COLLECTED MATERIAL -
◇ ◇ ◇ ◇ ◇ ◇ ◇

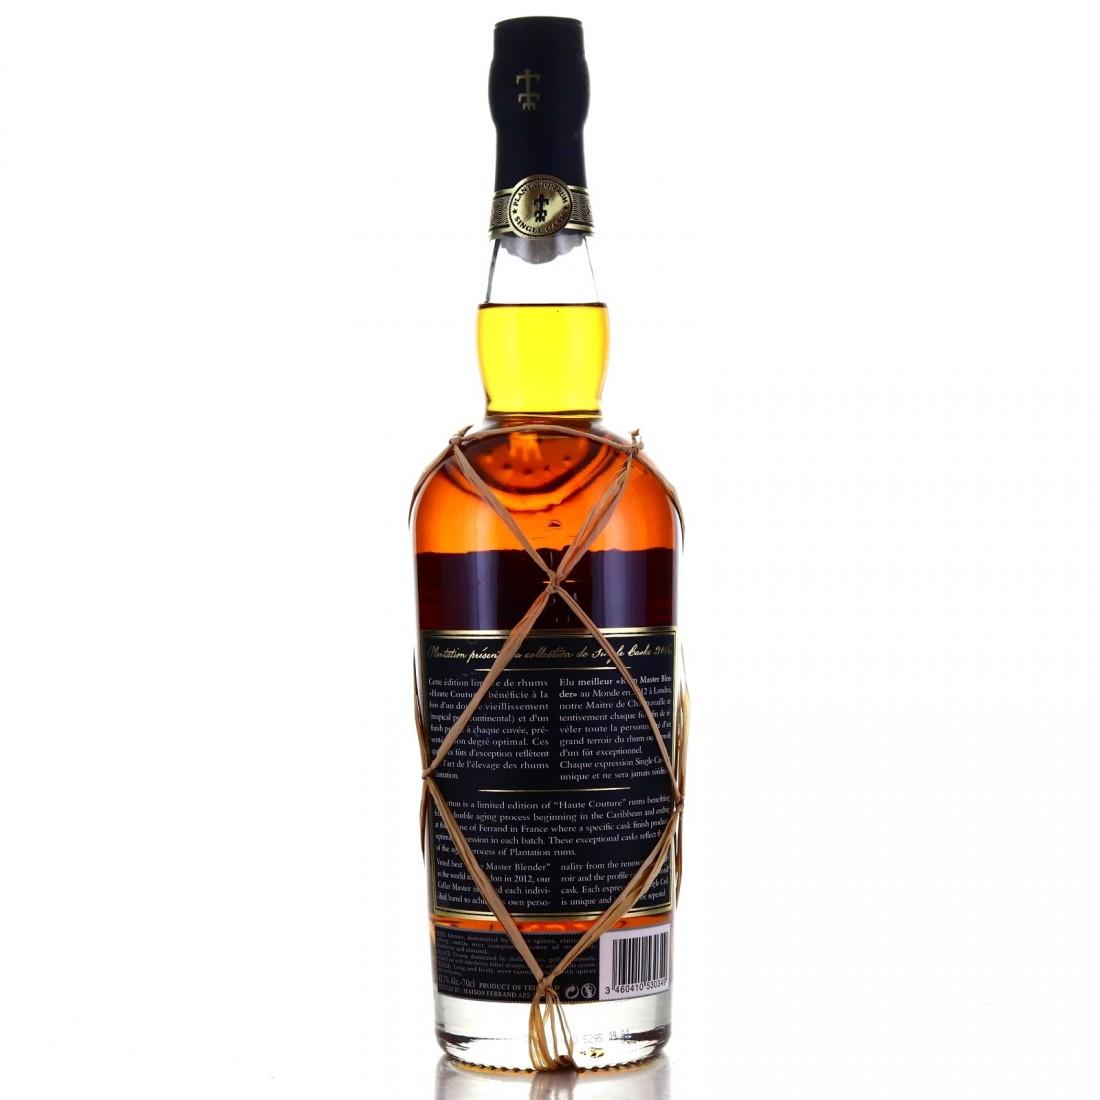 Trinidad Rum 2000 Plantation 16 Year Old Single Amburana Cask Finish #5
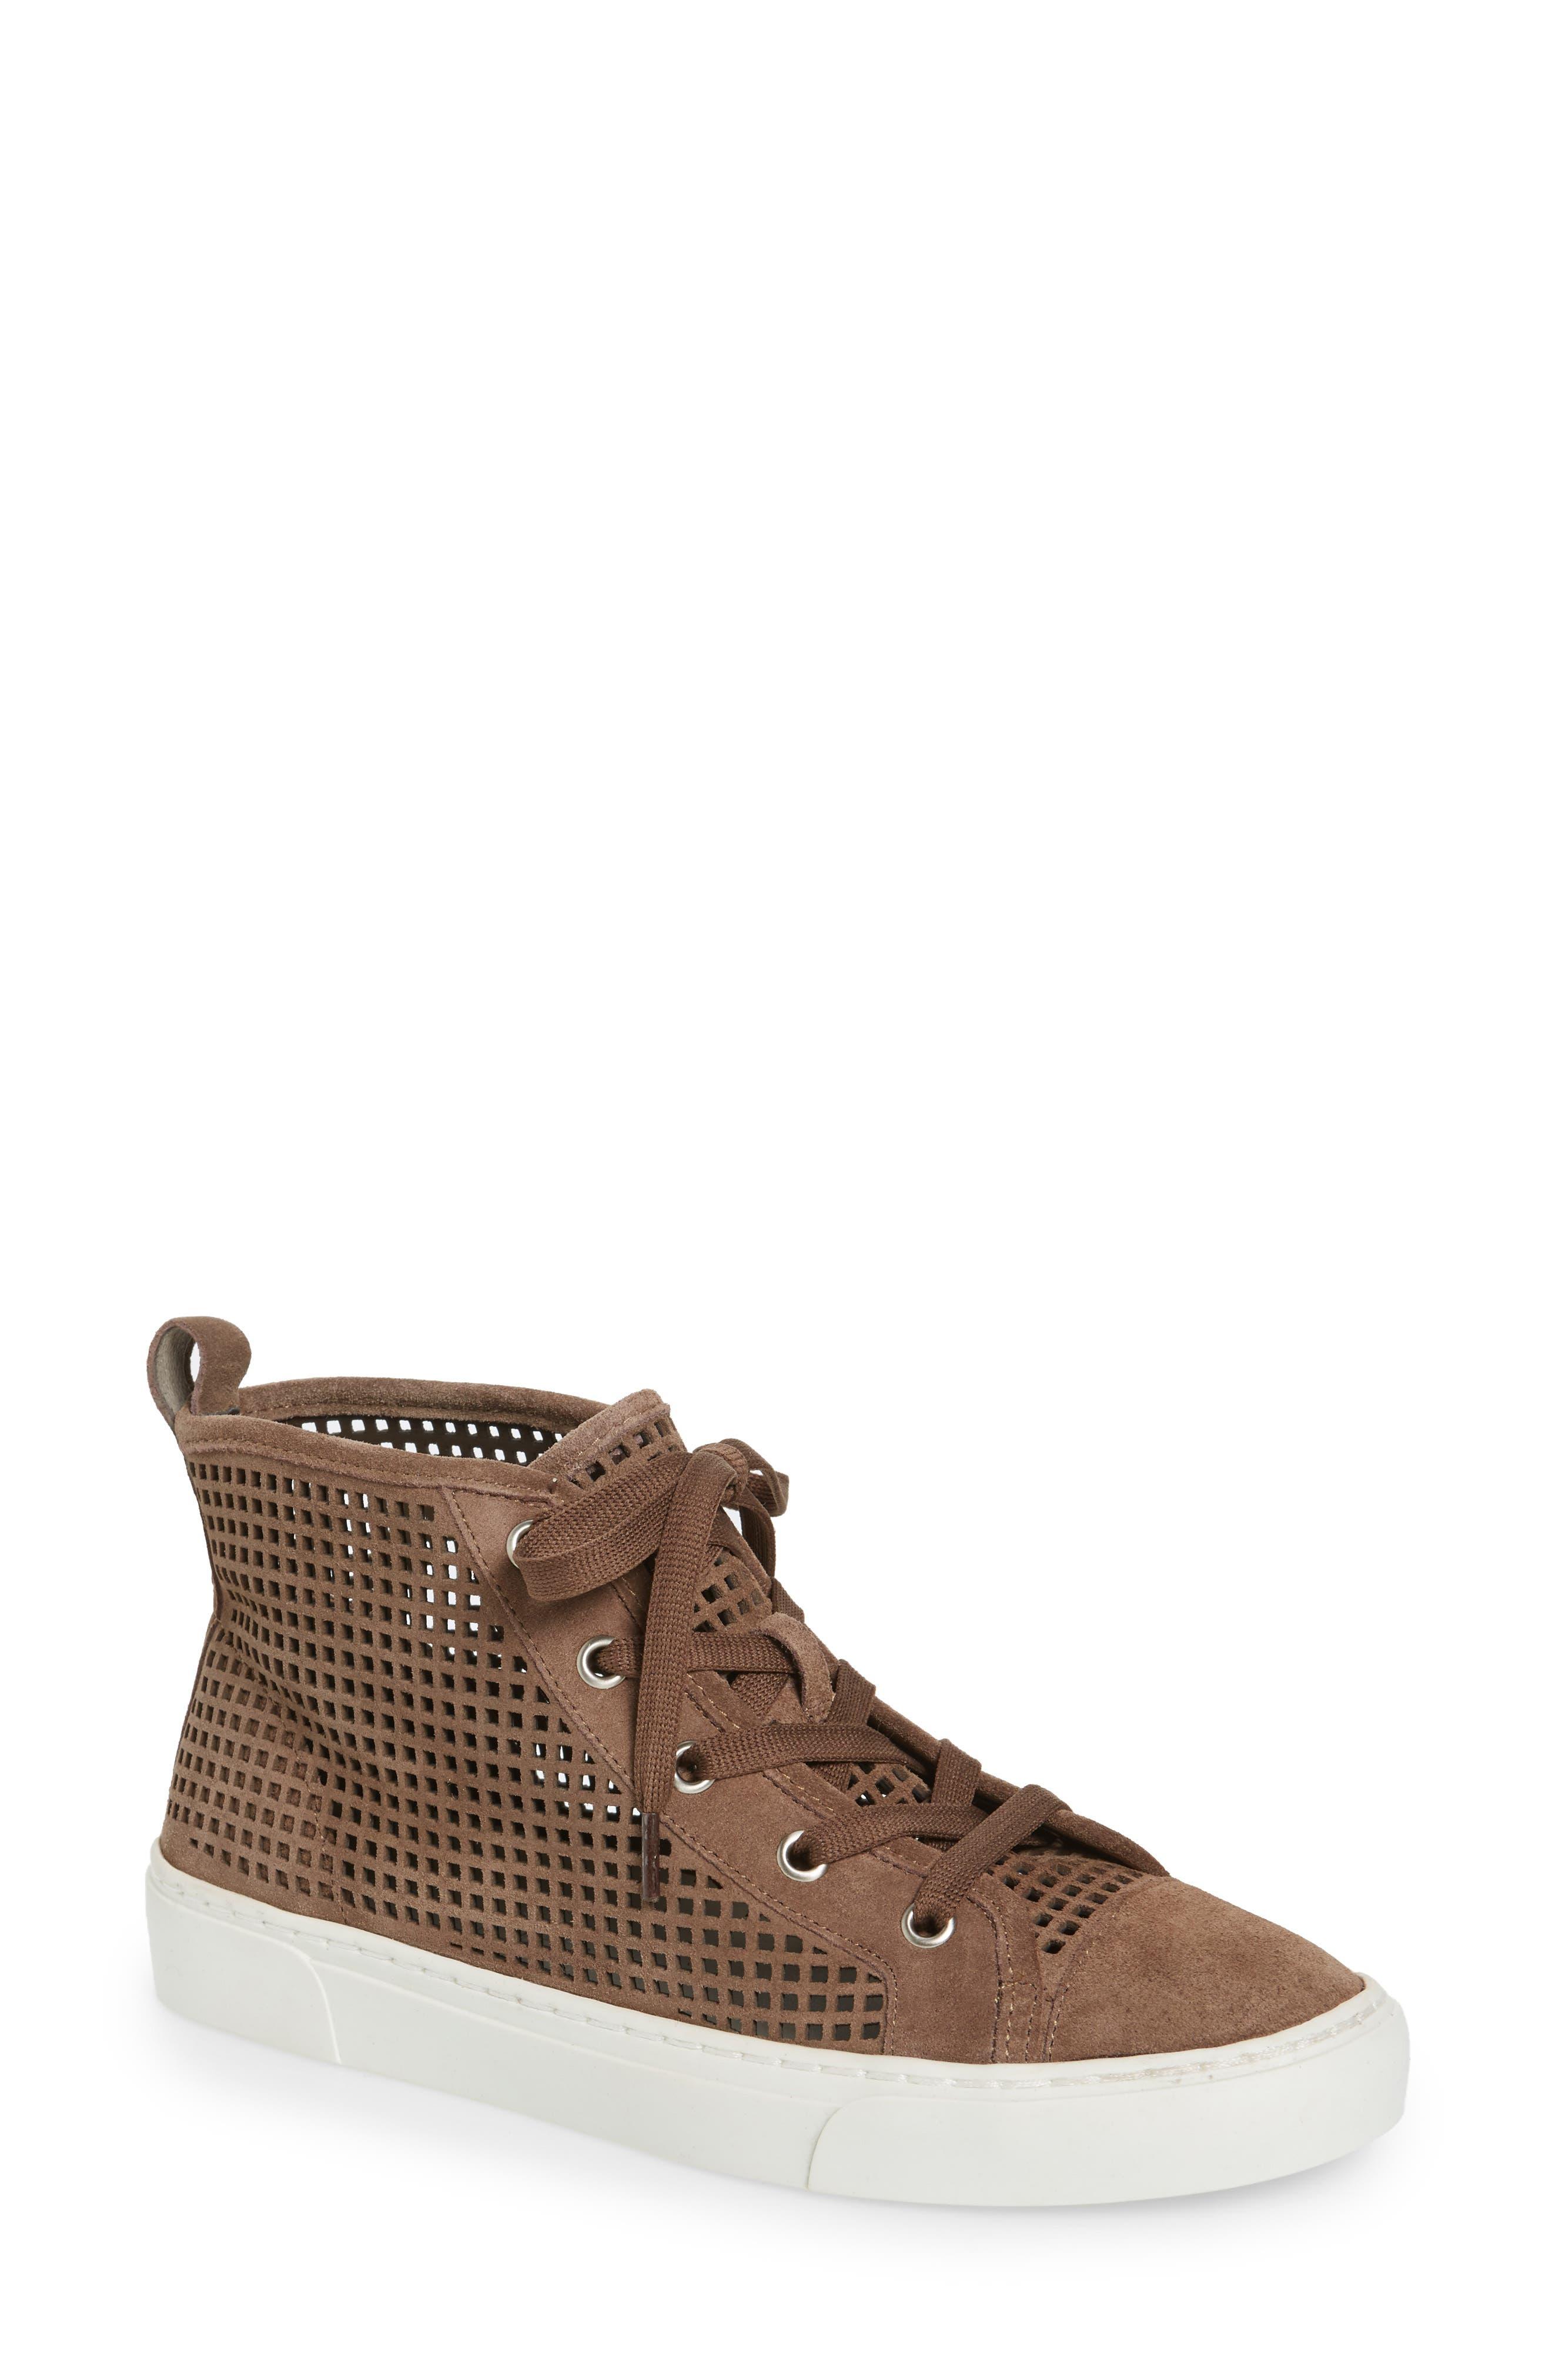 1.STATE Dulcia Perforated High-Top Sneaker
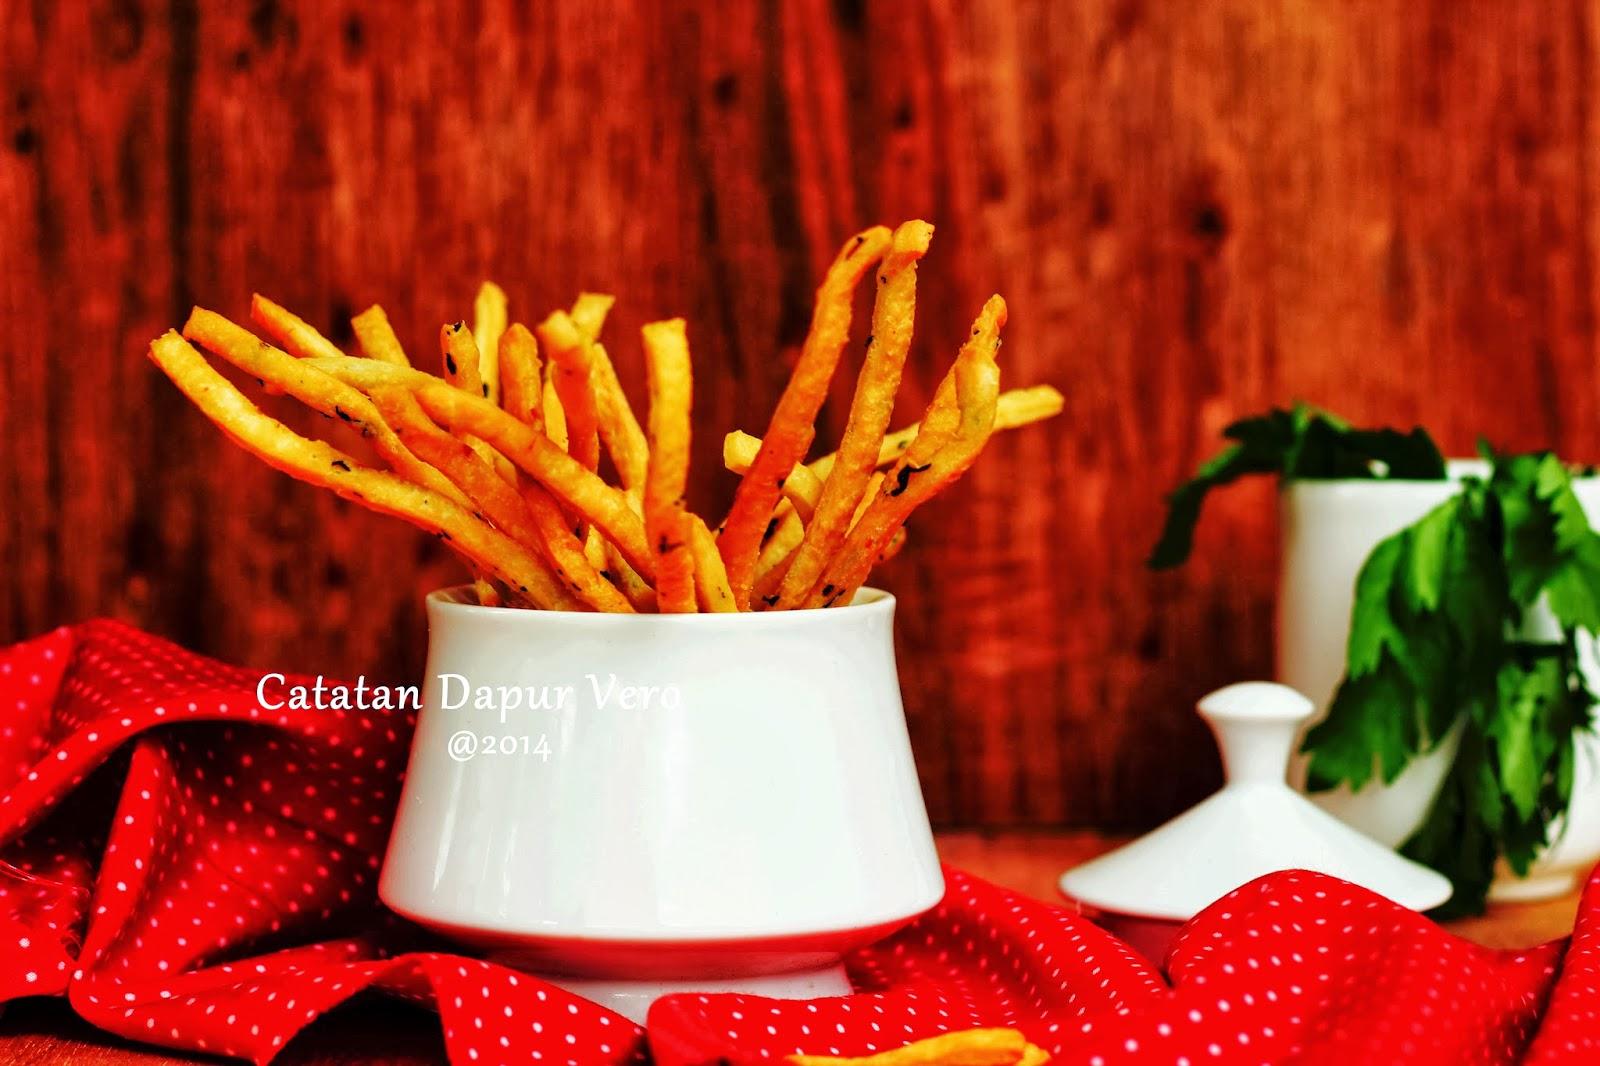 resep stik bawang rumput laut
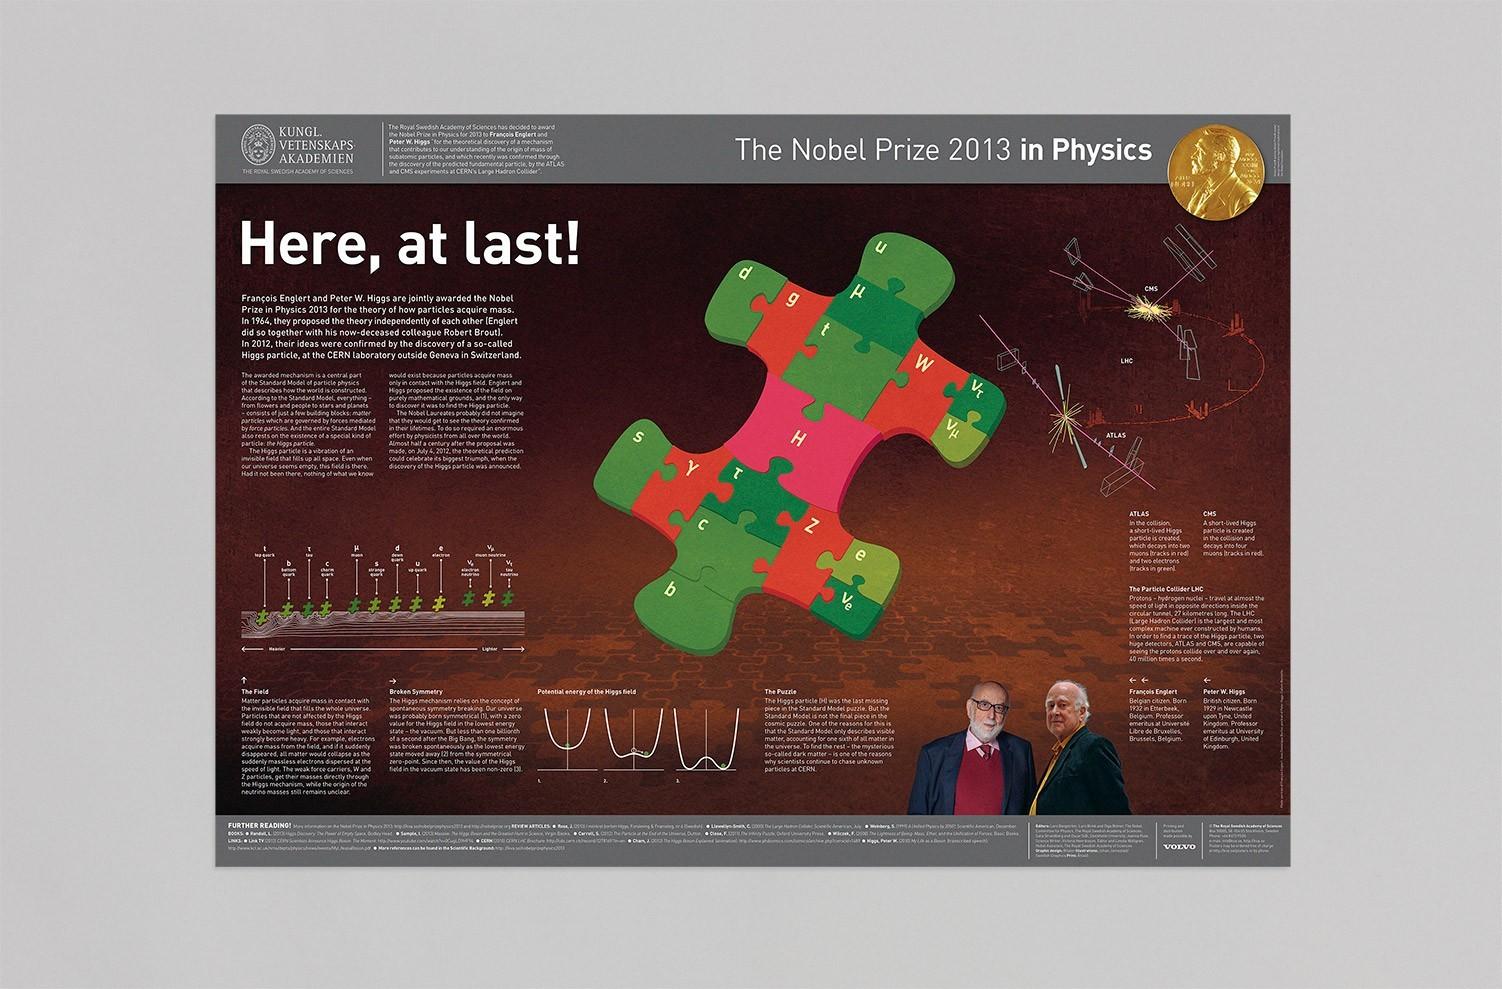 ritator_the_royal_swedish_academy_of_sciences_nobel_posters_3

◇ ◇ ◇ ◇ ◇ ◇ ◇

TASK DETAILS -
Working from the line that contains "1.STATE Dulcia Perforated High-Top Sneaker" to the last line of the listing, please quote each line exactly, pictures excluded.

WORKED SOLUTION -
 1.STATE Dulcia Perforated High-Top Sneaker
 resep stik bawang rumput laut
 ritator_the_royal_swedish_academy_of_sciences_nobel_posters_3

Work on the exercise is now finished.